Now with all that information, let us look on
Code: Select all
var sText = UltraEdit.clipboardContent;
UltraEdit.clipboardContent = "my string";
There is a problem here as the format of the clipboard - mainly CF_UNICODETEXT versus CF_TEXT - and the code page (CF_LOCALE) on CF_TEXT cannot be evaluated here by the developer of the script with additional code on assigning the clipboard content to a string respectively set format/locale on copying a string to the clipboard.
What I could see so far is that
sTest is a string of type wchar if clipboard is of format CF_UNICODETEXT. And the format is just CF_TEXT and therefore CF_LOCALE is according to current input language (most likely, not really tested) on copying something to clipboard by assigning a string value to
UltraEdit.clipboardContent.
JackTing wrote:An interesting trick on ANSI/ASCII file and 'New' file is:
If this is the only contents, save and reopen it, UltraEdit will treat it as UTF-8 no BOM, and show them correctly.
This is right. The initial ASCII/ANSI file into which UTF-8 encoded characters are written is interpreted as UTF-8 encoded file on next opening. But that works only if the ASCII/ANSI file did not contain already characters with a code value greater 127, i.e. non ASCII characters as otherwise the text file would contain characters of mixed encoding after writing or pasting the UTF-8 encoded characters .
What could be helpful for all users of UltraEdit writing scripts for languages using mainly Unicode files and therefore Unicode characters would be:
- For command write:
An optional number parameter specifying the encoding of the string argument like 65001 for UTF-8.
UltraEdit could correctly convert the string to the encoding of the file with this additional information. And this additional parameter would make it possible to define Unicode characters in JavaScript strings in the script file saved as UTF-8 encoded file without BOM as the script author would just need to add on usuage of UltraEdit.activeDocument.write() and UltraEdit.outputWindow.write() the value 65001 as second parameter additionally to the string.
- For better clipboardContent support:
A special function like UltraEdit.copyToClipboard(sString,nEncoding) which copies the string encoded according to the encoding parameter to active clipboard using format CF_UNICODETEXT when nEncoding has the value 1200 (UTF-16 LE), or 1201 (UTF-16 BE), or 65000 (UTF-7), or 65001 (UTF-8) and of course the appropriate conversion to Unicode as requested by the Unicode clipboard format, and otherwise CF_TEXT with CF_LOCALE according to nEncoding.
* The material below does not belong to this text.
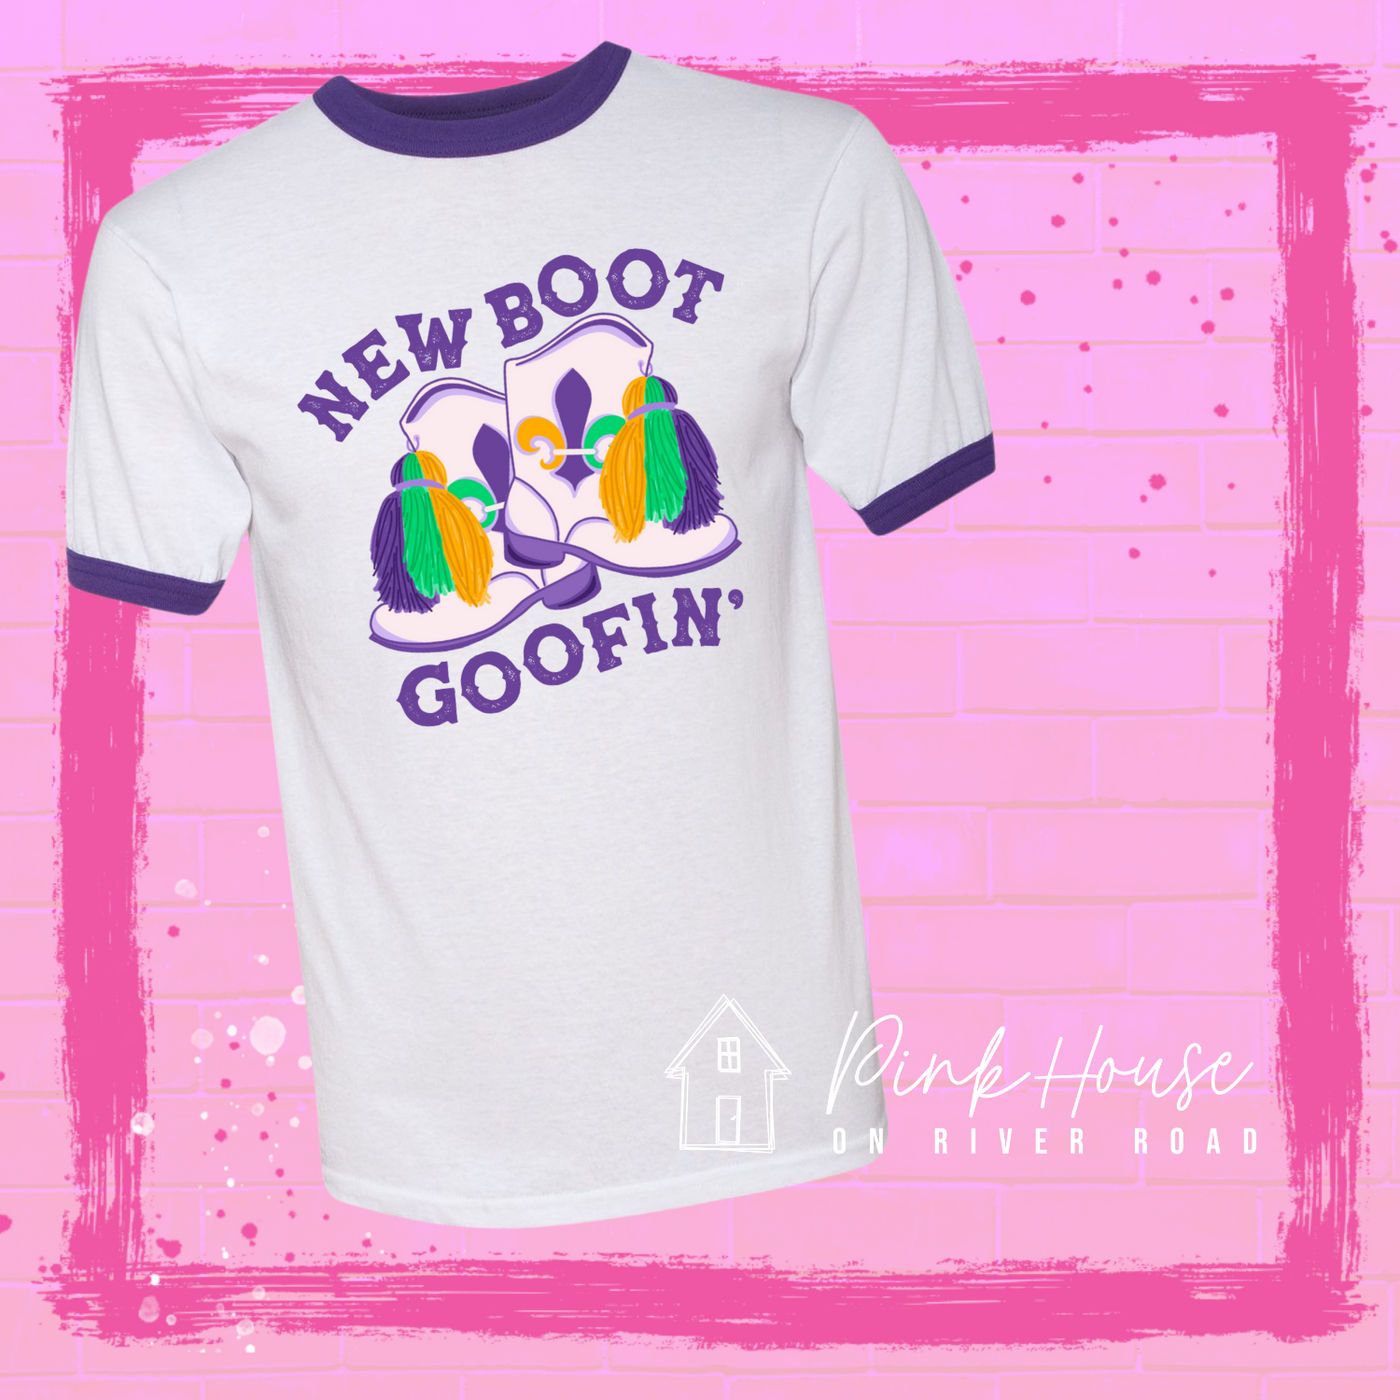 A white/purple tee with a graphic. Graphic is of a pair of majorette boots, the boots have a tassel and fleur de lis both in gold, green and purple. the words New Boot are above the boots and the word goofin' is below thee boots the words are in purple.

A special function like UltraEdit.getFromClipboard(nEncoding) which returns a string from active clipboard (format/locale can be determined by UE automatically) with a conversion according to the specified encoding so that the JavaScript string contains for example the UTF-8 byte stream of the Unicode clipboard content with nEncoding having value 65001.
I think, those 4 enhancements would be already a big help on writing scripts which must work with Unicode characters. Of course there are some other commands like
UltraEdit.activeDocument.columnInsert which have also a string as function argument and therefore would need a similar extension by an optional encoding parameter to be able to use UTF-8 encoded strings.